▶ [Stored records]:
※
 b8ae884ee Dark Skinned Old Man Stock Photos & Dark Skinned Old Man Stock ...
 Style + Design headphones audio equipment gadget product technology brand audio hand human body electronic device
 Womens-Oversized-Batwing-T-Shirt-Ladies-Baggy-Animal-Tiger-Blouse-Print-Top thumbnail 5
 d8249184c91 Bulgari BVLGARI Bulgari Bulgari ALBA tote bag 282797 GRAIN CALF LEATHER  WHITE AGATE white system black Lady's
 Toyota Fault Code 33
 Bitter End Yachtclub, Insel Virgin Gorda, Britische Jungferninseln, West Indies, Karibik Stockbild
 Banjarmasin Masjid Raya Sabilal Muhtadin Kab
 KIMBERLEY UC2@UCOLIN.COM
※
▶ [WHAT IS REQUIRED]:
Could you print all of the data above once more, unaltered?

▶ [YOUR RESPONSE]:
 b8ae884ee Dark Skinned Old Man Stock Photos & Dark Skinned Old Man Stock ...
 Style + Design headphones audio equipment gadget product technology brand audio hand human body electronic device
 Womens-Oversized-Batwing-T-Shirt-Ladies-Baggy-Animal-Tiger-Blouse-Print-Top thumbnail 5
 d8249184c91 Bulgari BVLGARI Bulgari Bulgari ALBA tote bag 282797 GRAIN CALF LEATHER  WHITE AGATE white system black Lady's
 Toyota Fault Code 33
 Bitter End Yachtclub, Insel Virgin Gorda, Britische Jungferninseln, West Indies, Karibik Stockbild
 Banjarmasin Masjid Raya Sabilal Muhtadin Kab
 KIMBERLEY UC2@UCOLIN.COM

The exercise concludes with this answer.